According to the article, employees were encouraged to use the messaging tool, Slack, for all interoffice communication. Email was not to be used and direct messaging was frowned upon. This meant that all office communication was public and everyone could see everyone’s messages. 

Ms. Korey would publicly berate employees for mistakes. Her Slack messages read like this: “If whoever is doing these luggage tags is brain dead enough to package up and send a tag that clearly has incomplete letters it seems extremely unlikely to me that a retraining on SOPS is going to be a sufficient next step for us to ensure that 100% of customers are getting perfect luggage tags.”

Employees were discouraged or forbidden from taking time off. They were asked to work exceptionally long hours without overtime. They were reprimanded for not immediately responding to messages even if those messages came in late at night. 
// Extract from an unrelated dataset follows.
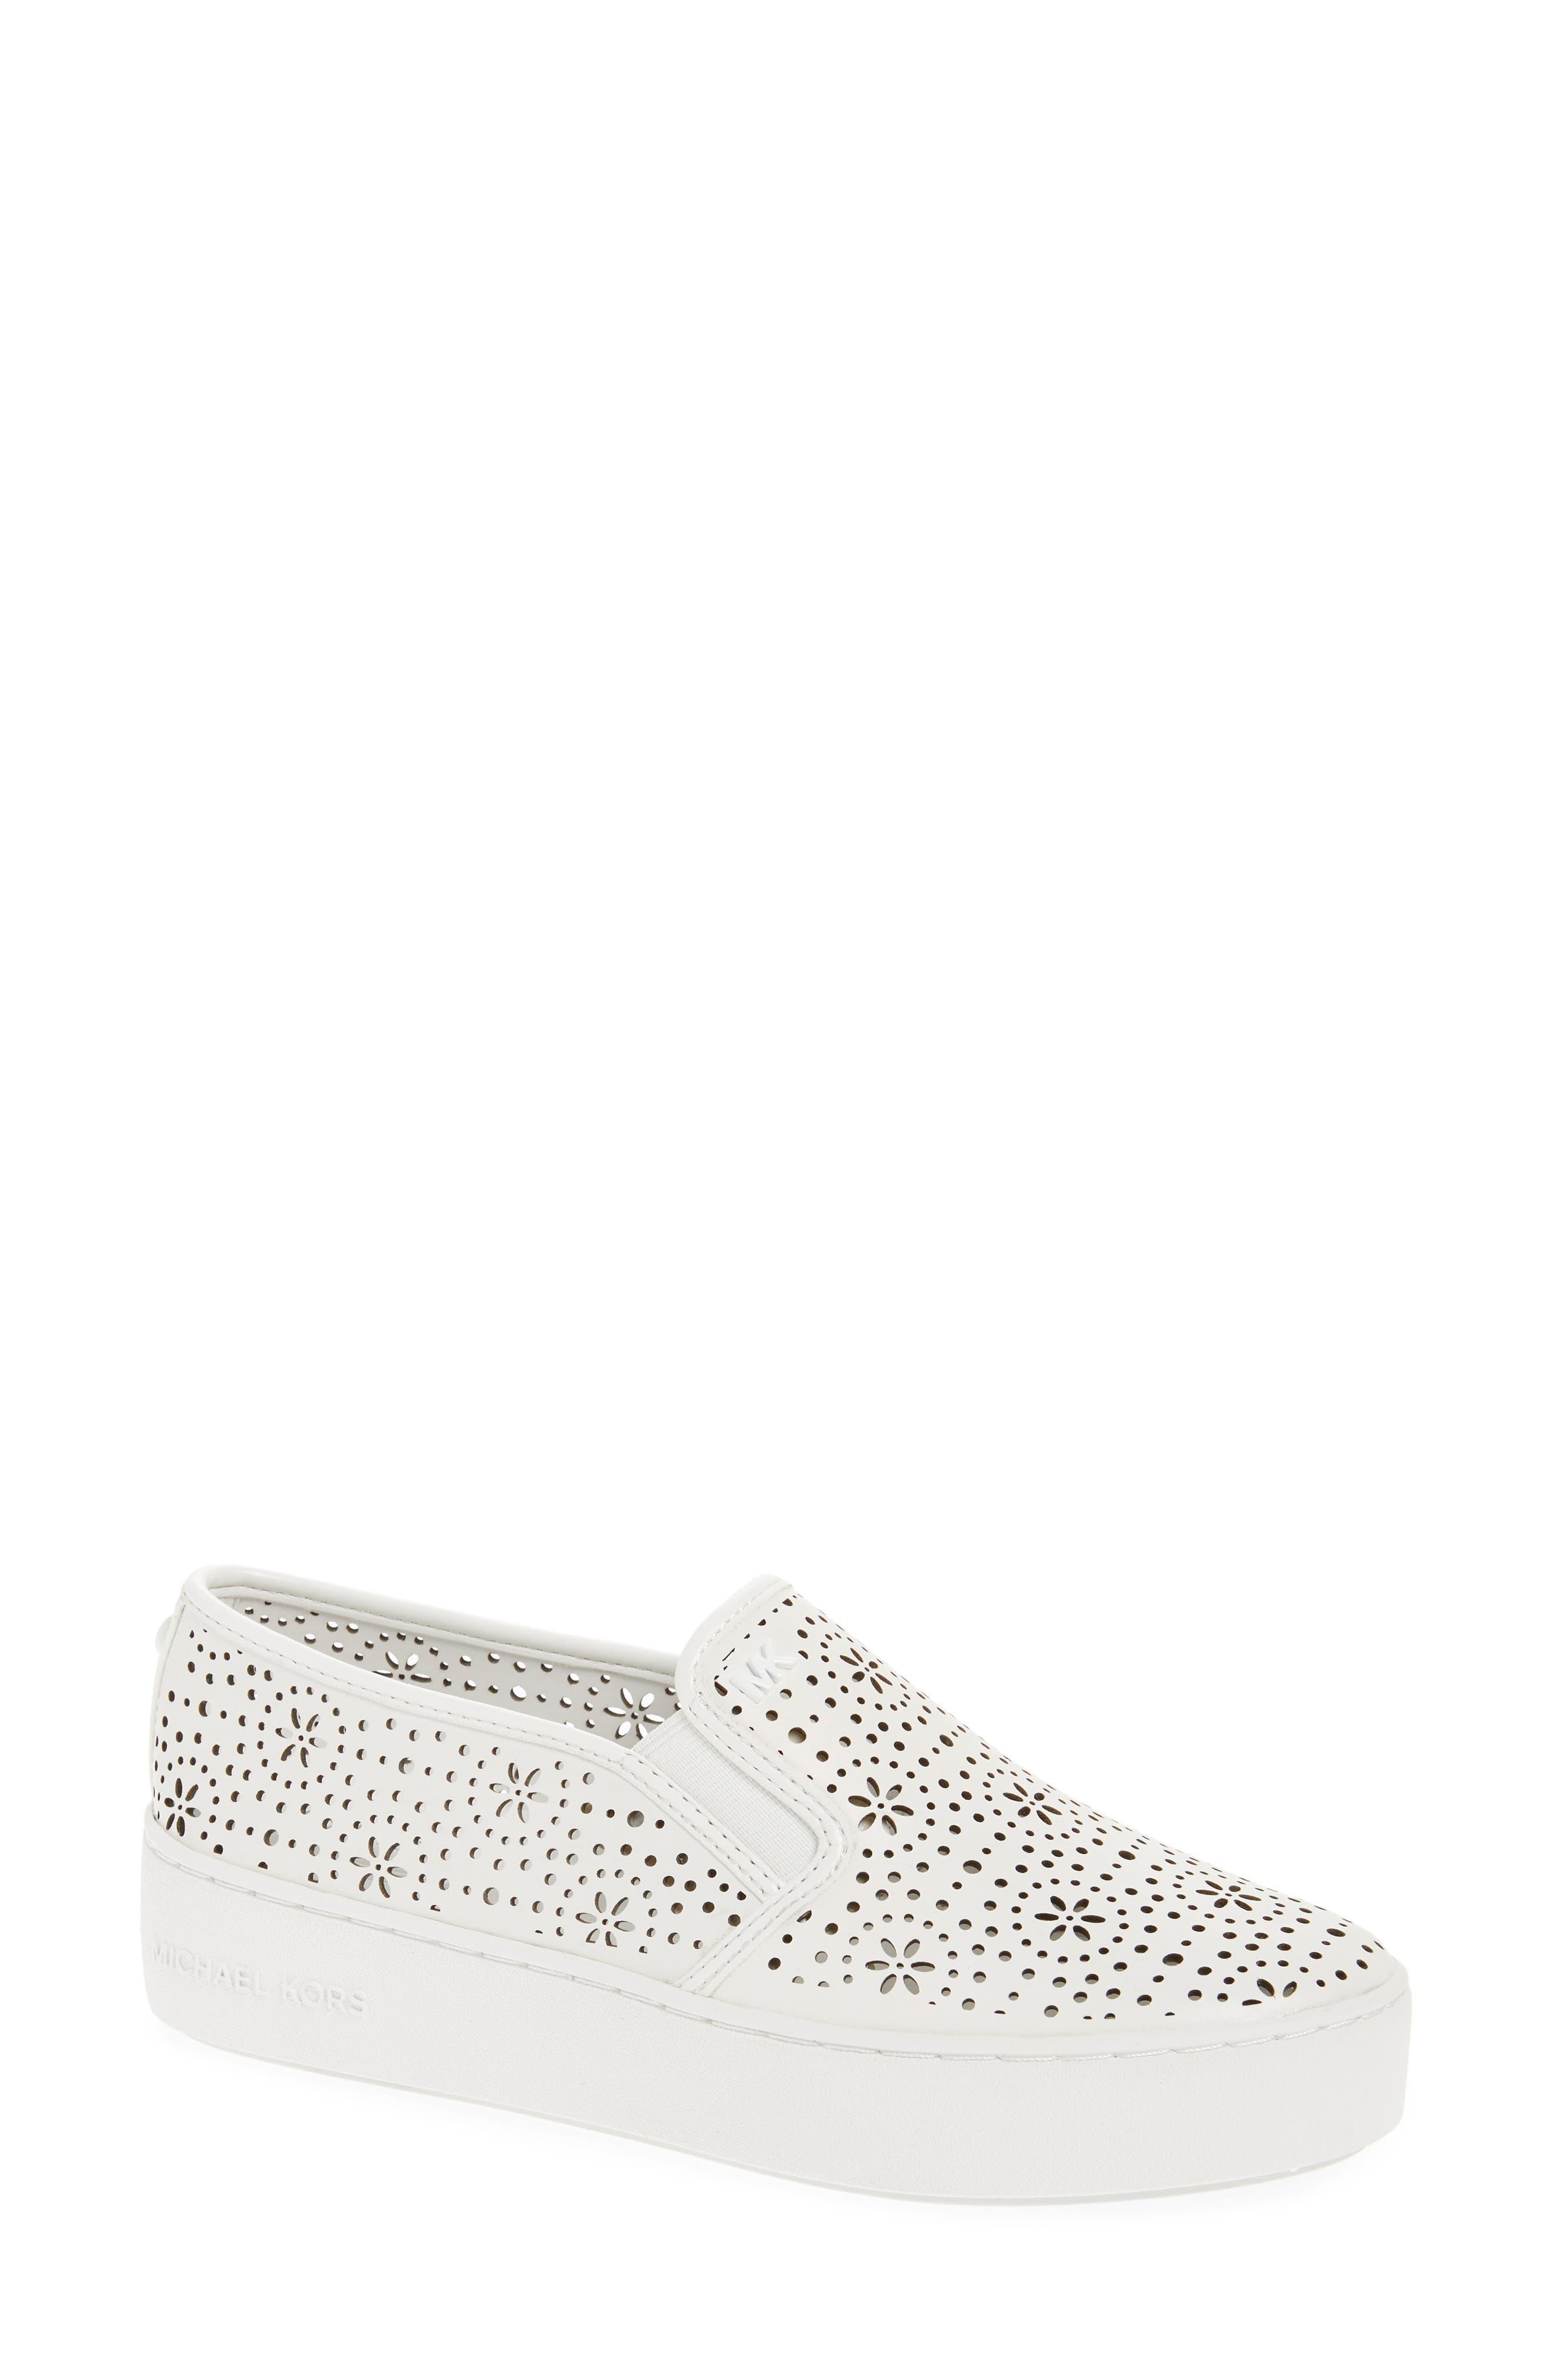 Main Image - MICHAEL Michael Kors Trent Slip-On Sneaker (Women)

If I were to guess, I’d say that Korey’s super-fast path to success was partially due to her intelligence and drive, partially due to hiring a stellar team, and partially due to luck. I think the speed at which she achieved success contributed to her being overly confident, narcissistic, and egotistical. 

I think she stopped believing in the value of her team and started to view her way as superior. I think she viewed Away’s success as her personal success and not something that was only achievable because of the devotion, skill, and passion of the team that she employed. I think that she lacked the self-awareness to see herself the way that her team saw her—and this was her ultimate downfall. 

I think we see other examples of this in WeWork, Theranos, and Uber. Fast and extreme financial success comes at a cost to many teams and leaders. At times, dedicated employees are viewed as what is standing in the way of more growth rather than the reason that success was possible in the first place. 

At Formada, we haven’t even come close to scratching the surface of what these startups have achieved. So I realize that it’s easy for me to pick apart the very public missteps taken by these super successful CEOs. But I want to learn from what they did wrong because it would be stupid of me to assume that I wouldn’t be vulnerable to the same behavior. 

We are working to create a culture that embraces the values that Away publicly proclaimed, but ultimately was unable to embody. I want to prove that it’s possible to build an incredibly successful tech company that not only has kindness as a core value but exemplifies it on a daily basis.